Early education and childcare has also become an increasingly important part of the education spending landscape. Between 2009–10 and 2018–19, annual spending on free childcare for 3- and 4-year-olds rose by almost £1,900 per child (in today’s prices) and we spent £3.3 billion last year on providing these free places. Adding in spending on free childcare for disadvantaged 2-year-olds, childcare subsidies for low-income working families through the benefit system, and the cost to the Exchequer of tax relief on childcare vouchers and tax-free childcare, total public spending on childcare stood at around £5.4 billion.

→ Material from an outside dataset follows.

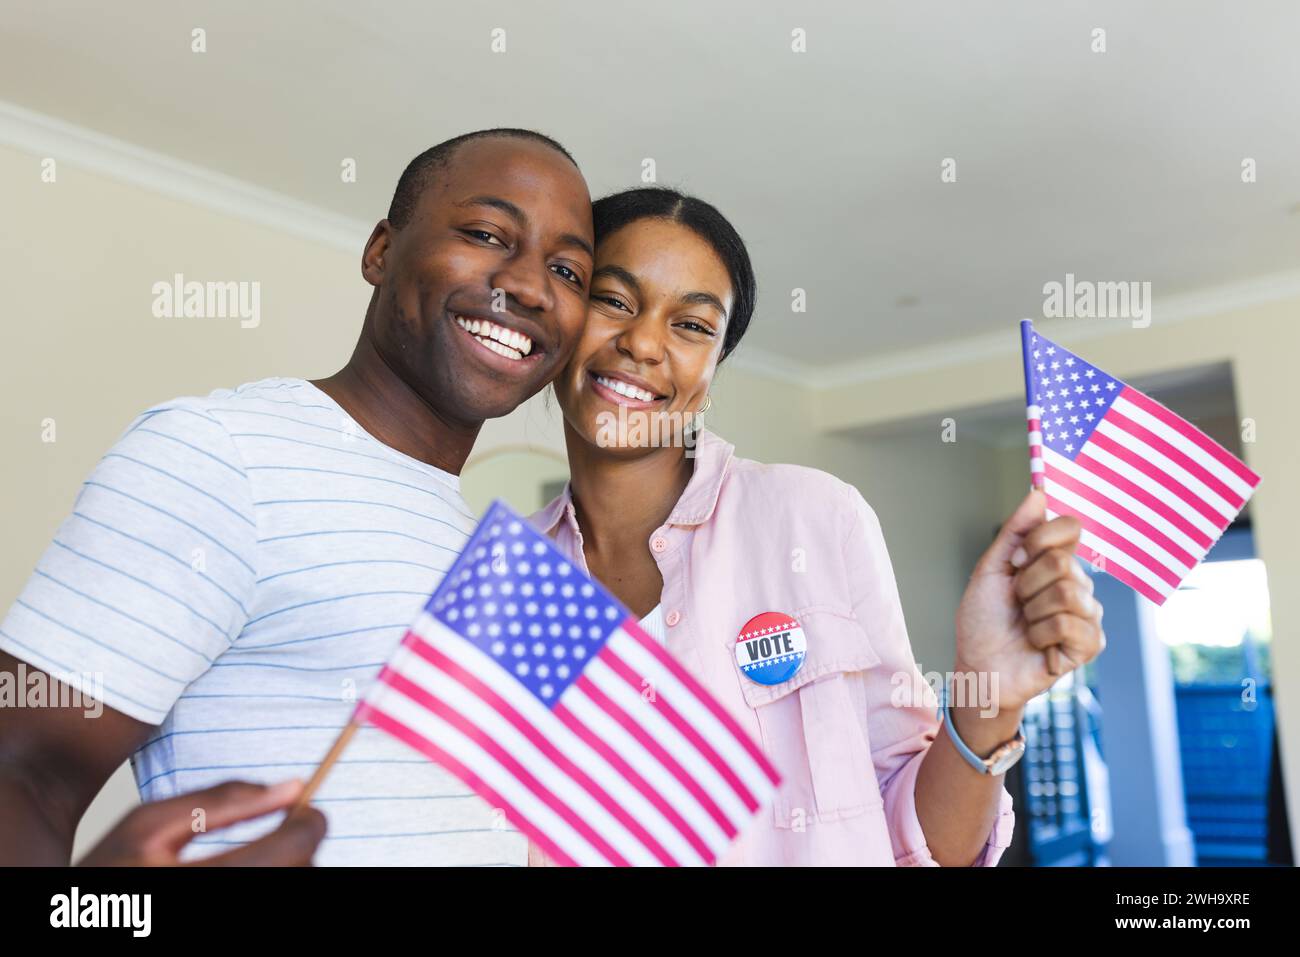 Couple proudly displays voting stickers, celebrating democracy at home. Stock Photo

This briefing note first sets out the structure of England’s system of support for early education and childcare, which includes the education, tax, and benefit systems. It then outlines how spending in each of these programmes has changed over time, before analysing what this can tell us about policymakers’ priorities in these areas. It then gives a quick overview of spending on Sure Start, another important early years services, before providing costings for some indicative policies in the early years and childcare area.

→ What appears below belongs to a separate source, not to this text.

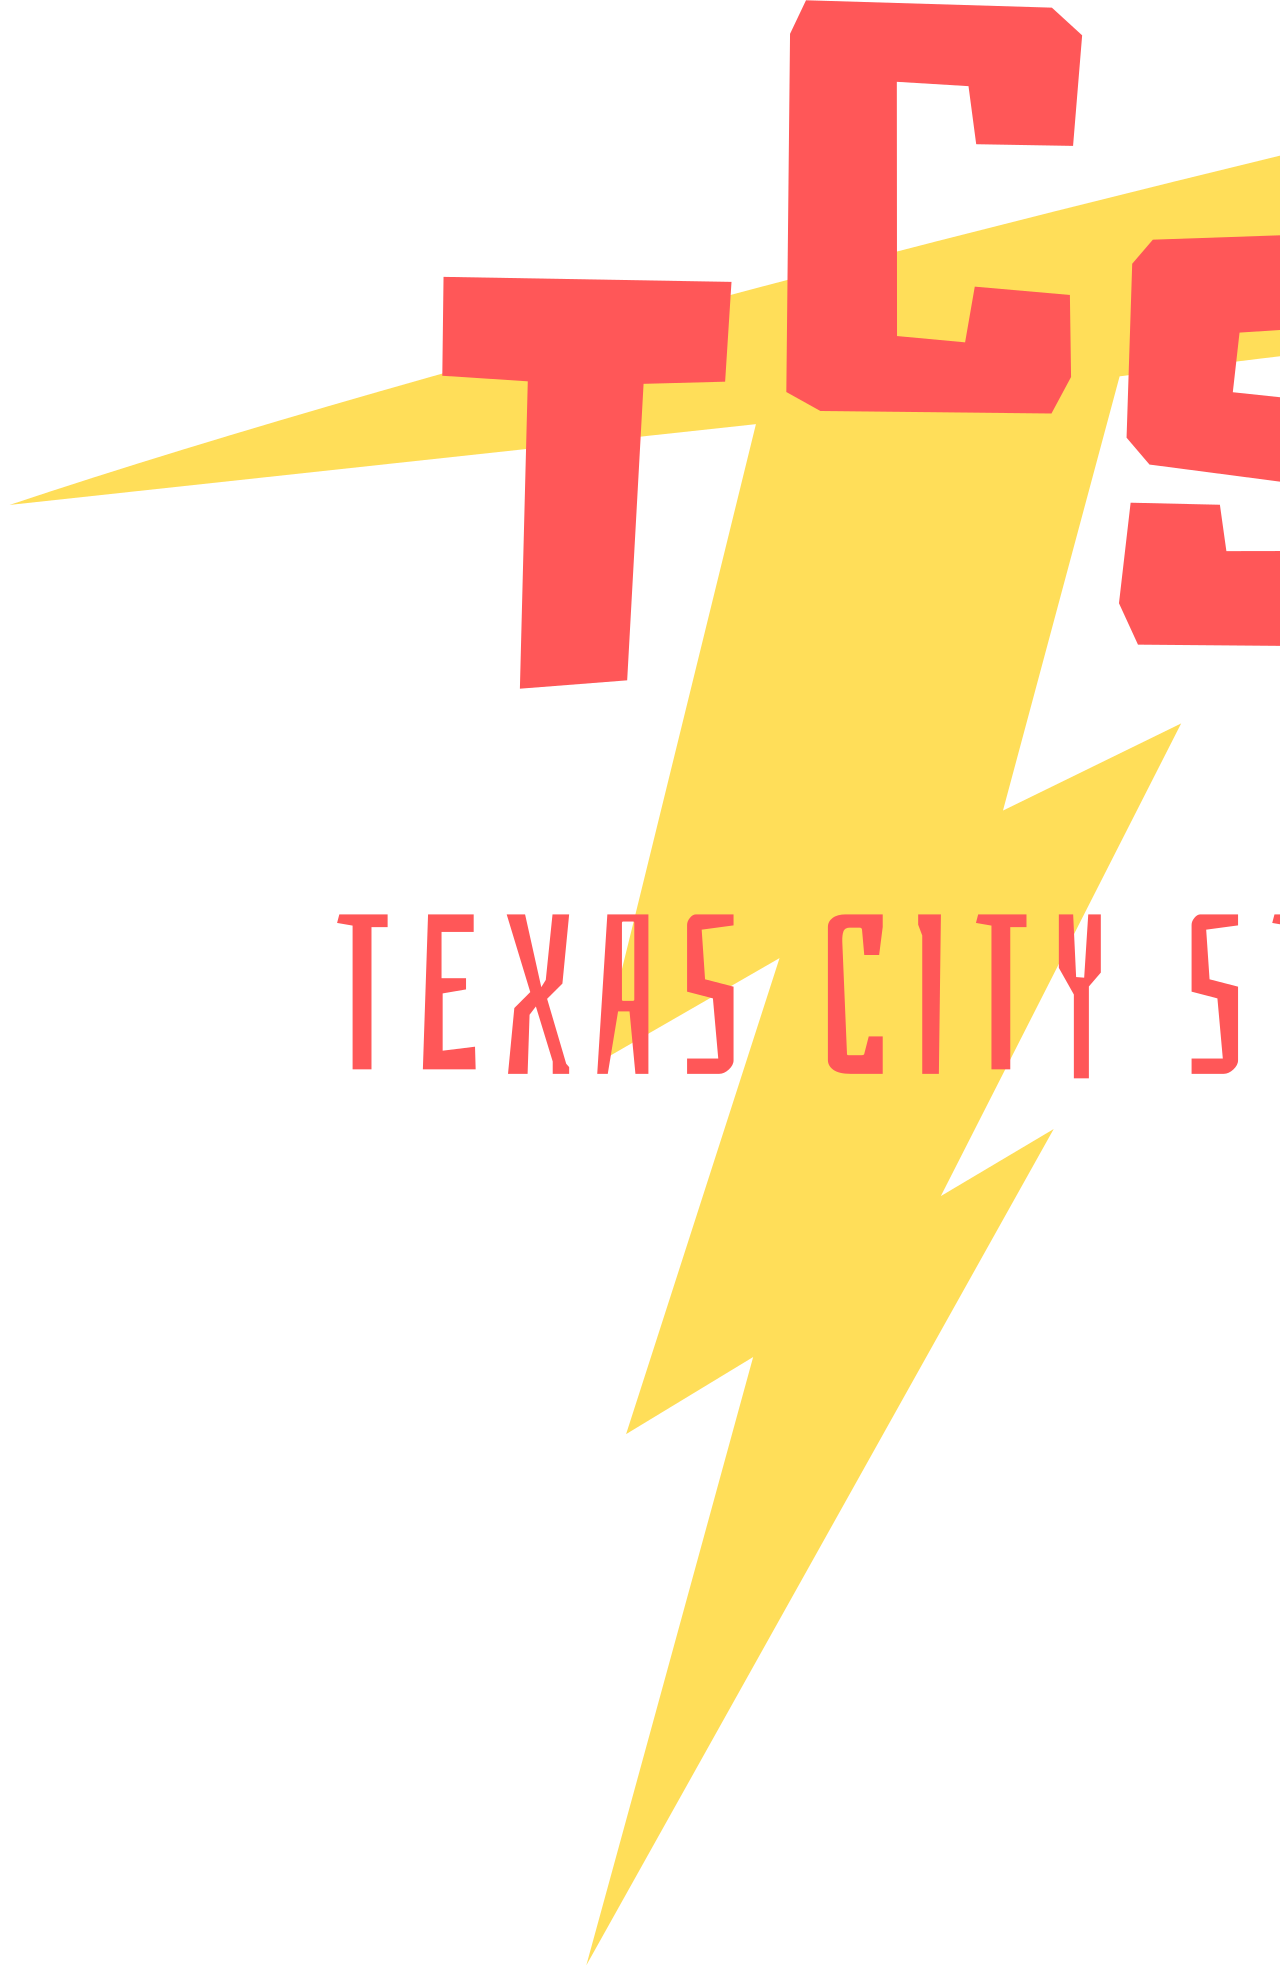 TEXAS CITY STEEL's web page

Spending on free childcare has risen quickly since 2009–10, even as other stages of education have seen cuts. Spending on free childcare rose from almost nothing in the 1990s to £1.6 billion in 2009–10 (in 2019–20 prices). Since then, it’s increased by more than 130% and now stands at £3.7 billion.
But spending per hour of free childcare has grown much more slowly. Since 2004, total spending on free childcare for 3- and 4-year-olds has more than doubled as the entitlement was extended to cover more free hours. But spending per hour – the money that childcare providers actually get to deliver the free hours – is up just 20%. Spending per hour did increase by 7% in 2017 – a third of the increase since 2004.
Free childcare is popular among parents and boosts the incomes of families with young children. However, evidence suggests that it only leads to a small increase in the number of mothers in paid work, and even that only applies to mothers whose youngest child is eligible for full-time childcare in school. There is also little evidence of benefits for children’s development.
Looking more broadly at childcare subsidies through the tax and benefit systems along with free childcare, spending is increasingly targeted at working families, rather than low-income children. Support for low-income workers fell from 45% of total childcare spending in 2007 to just 17% ten years later, and the share of childcare spending targeted at low-income families – working or not – stood at 27%. On the other hand, support for working families – regardless of their income level – has increased from 10% of total childcare subsidies to 25%, following the introduction of 30 hours’ free childcare.
Spending on other early years services, like Sure Start, has seen big cuts. Since its peak in 2010, Sure Start spending has in real terms fallen from £1.6 billion to £600 million in 2017. Spending on childcare support through the benefits system has also lost out over the last decade, relative to other forms of childcare support.
Policymaking in the early years should be done with an eye not just to costs, but also to the complexity and effectiveness of the system. Policymakers need to be clear about how their proposals fit with the existing landscape of early years services and with the twin goals of helping parents to work and supporting children to achieve their potential. It’s not enough to assert that any programme will automatically meet both targets: internationally, childcare programmes rarely if ever both support parental employment and benefit children’s development.